Input data:
--- START ---
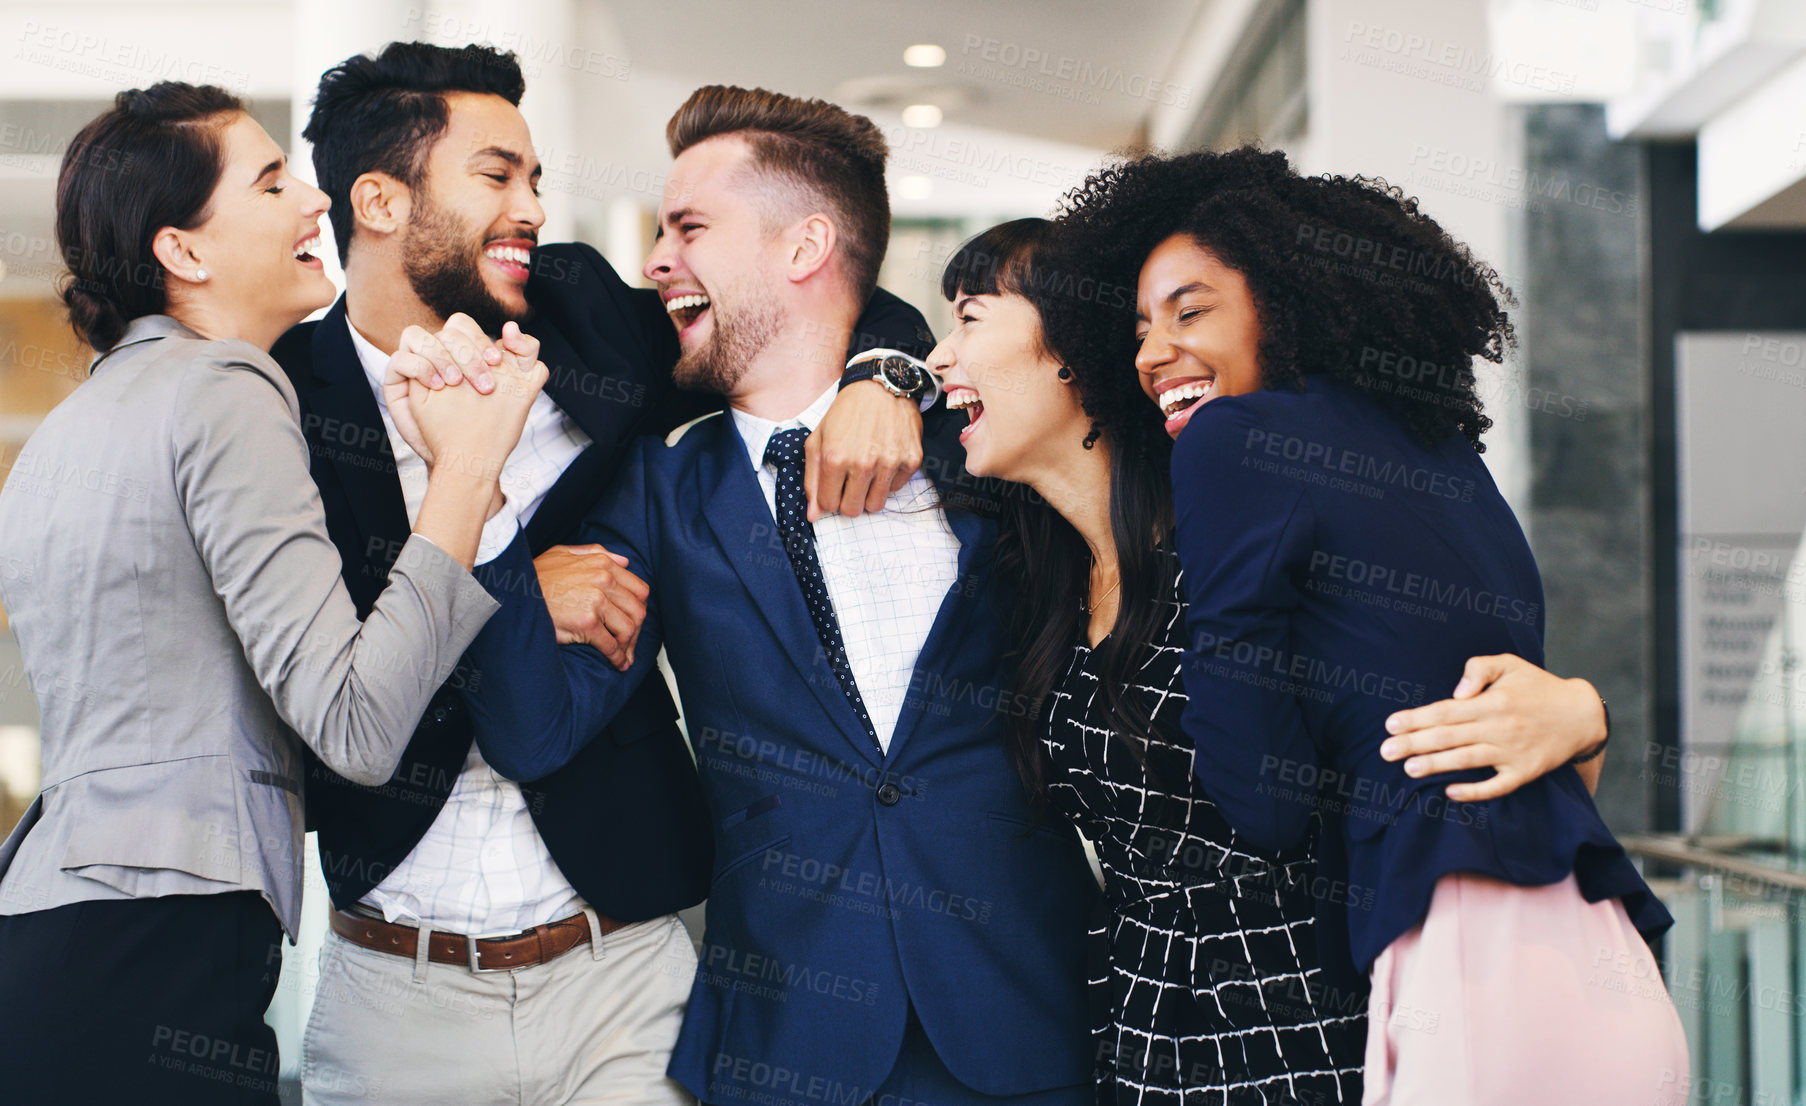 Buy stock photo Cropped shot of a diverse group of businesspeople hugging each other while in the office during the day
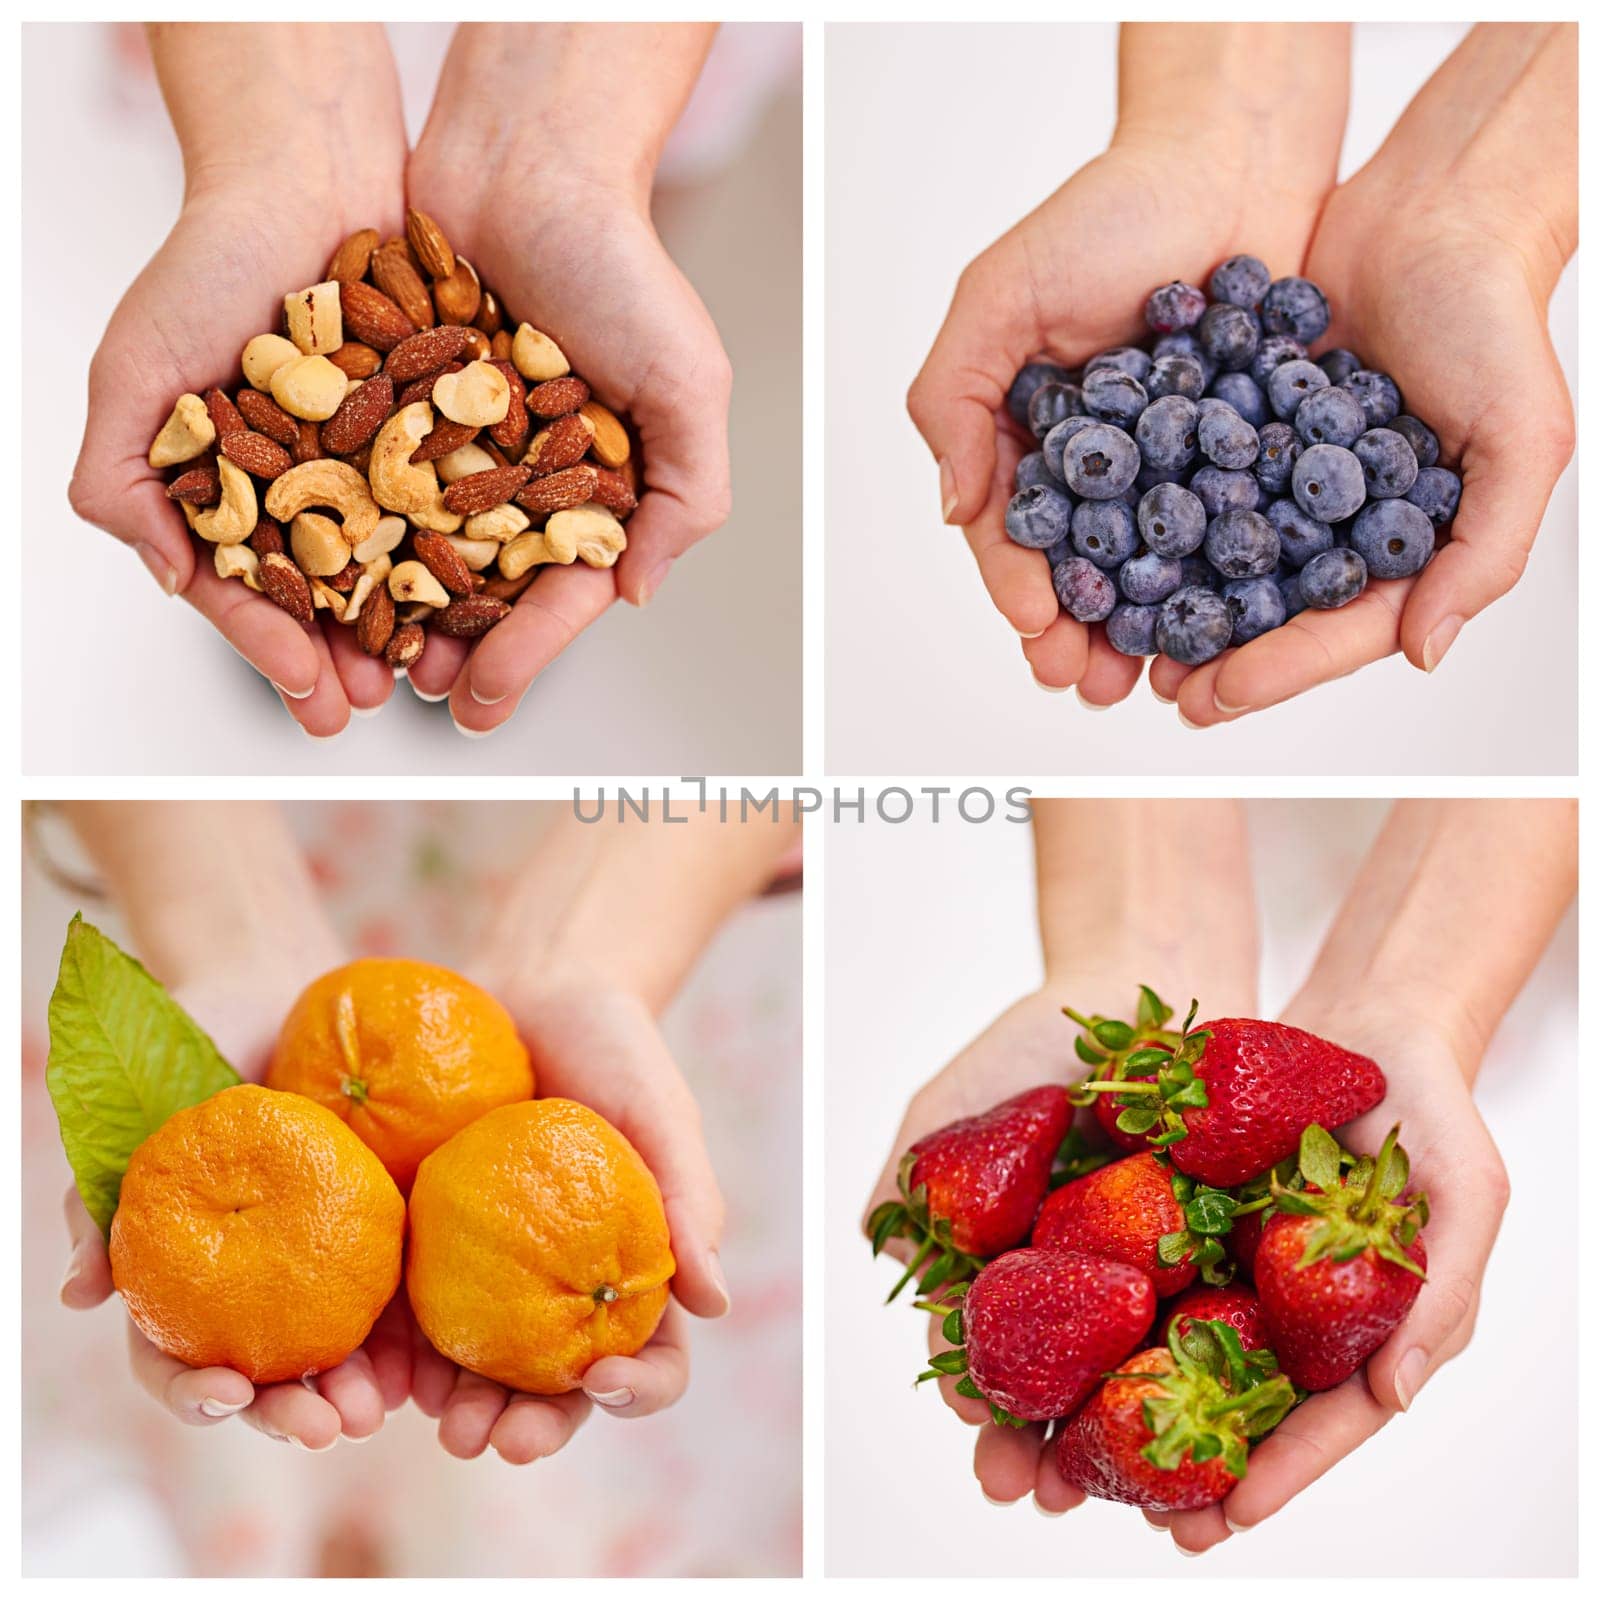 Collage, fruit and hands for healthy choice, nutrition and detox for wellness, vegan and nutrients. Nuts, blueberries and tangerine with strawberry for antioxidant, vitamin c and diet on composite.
--- END ---
--- START ---
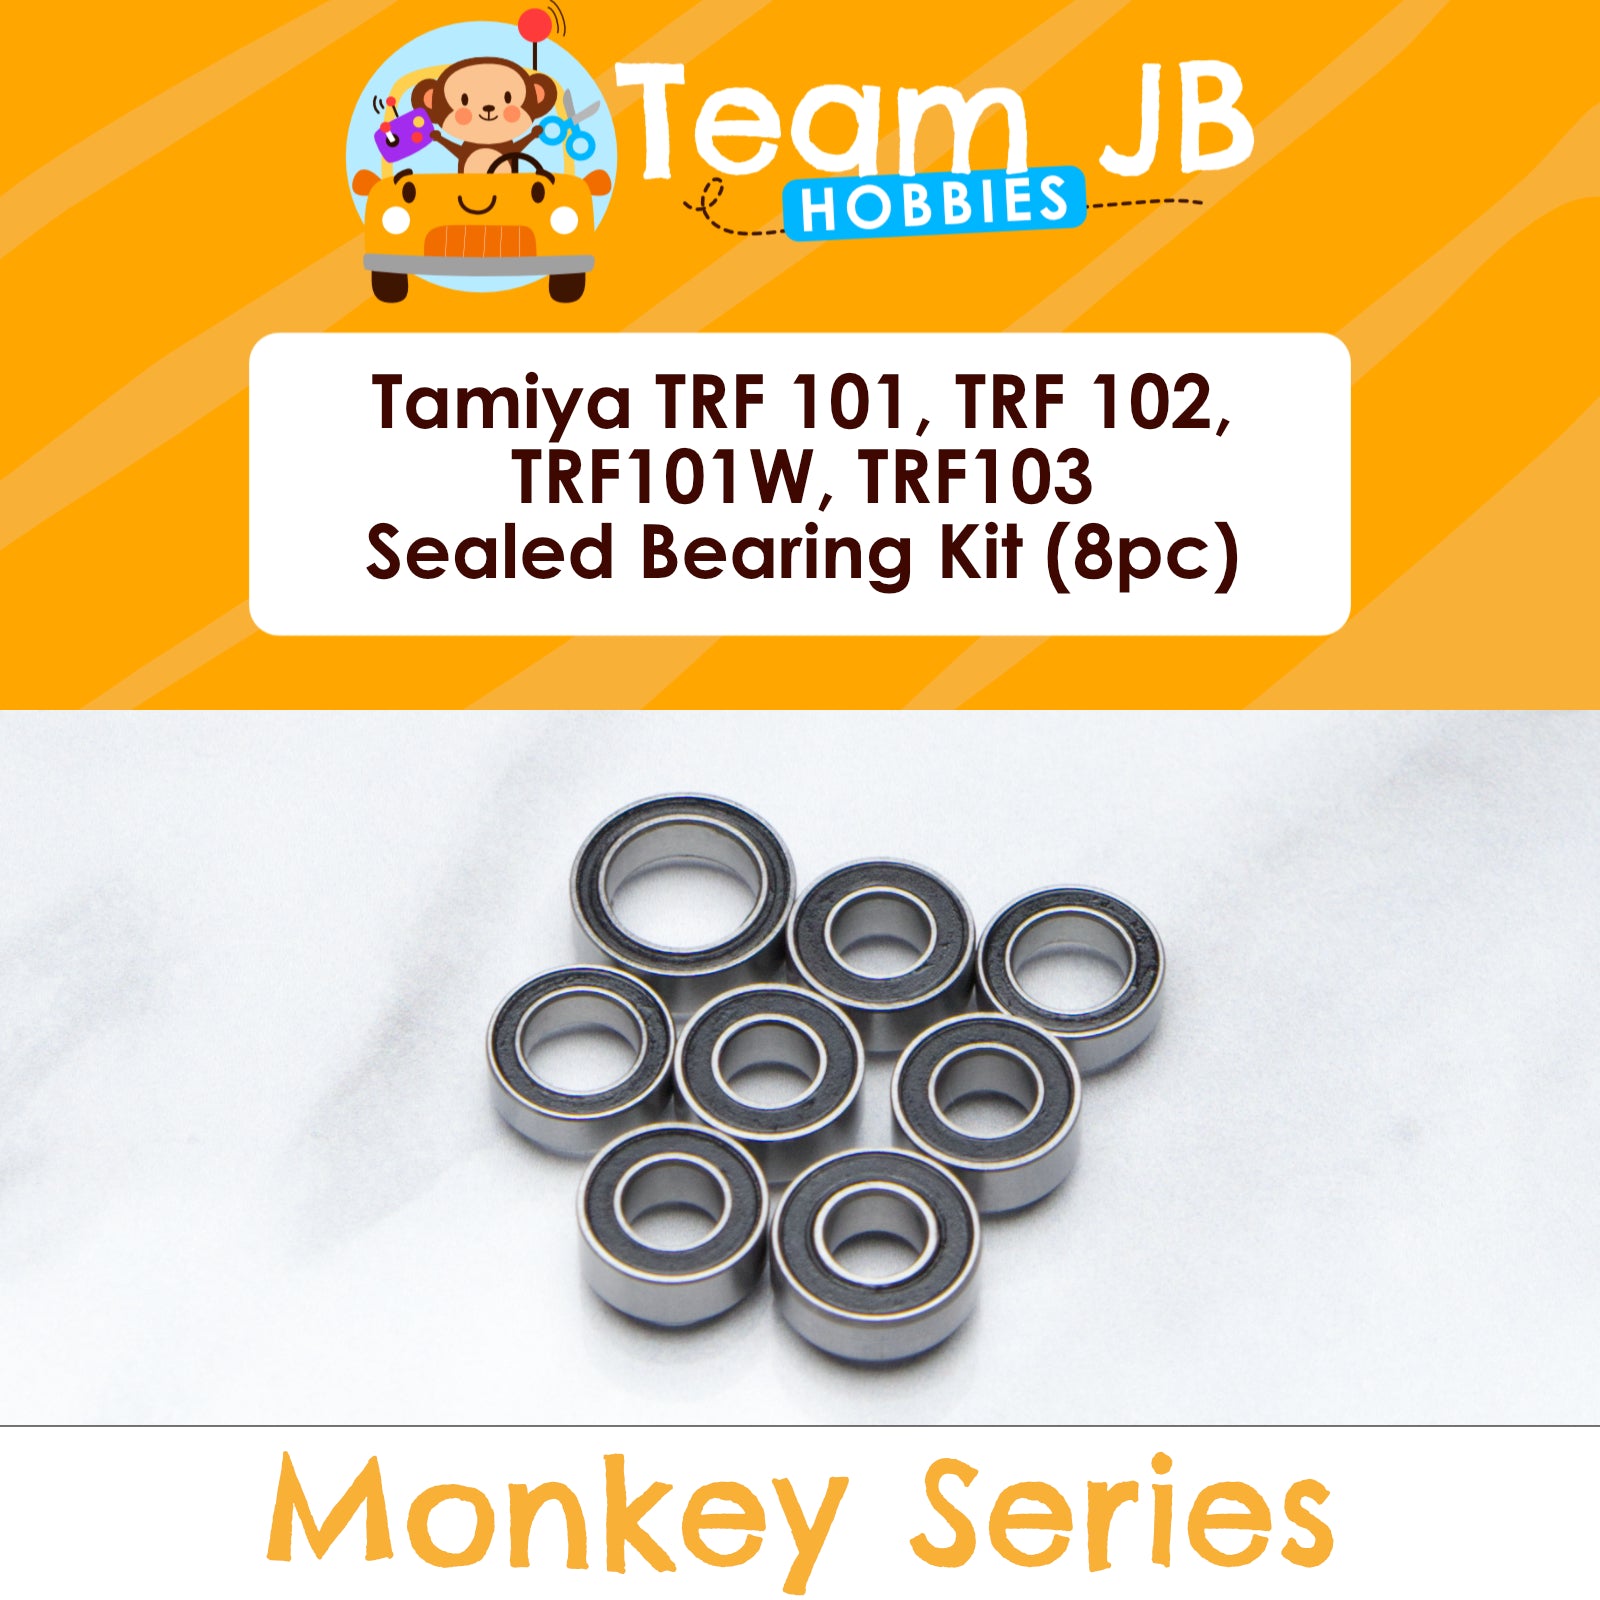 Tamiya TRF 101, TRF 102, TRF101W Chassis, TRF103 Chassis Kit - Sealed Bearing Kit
--- END ---
What is expected: The answer must be the lines above from the one containing "Buy stock photo" through the one containing "Collage, fruit and", reproduced exactly, with no pictures and nothing else.

Exercise result:
 Buy stock photo Cropped shot of a diverse group of businesspeople hugging each other while in the office during the day
 Collage, fruit and hands for healthy choice, nutrition and detox for wellness, vegan and nutrients. Nuts, blueberries and tangerine with strawberry for antioxidant, vitamin c and diet on composite.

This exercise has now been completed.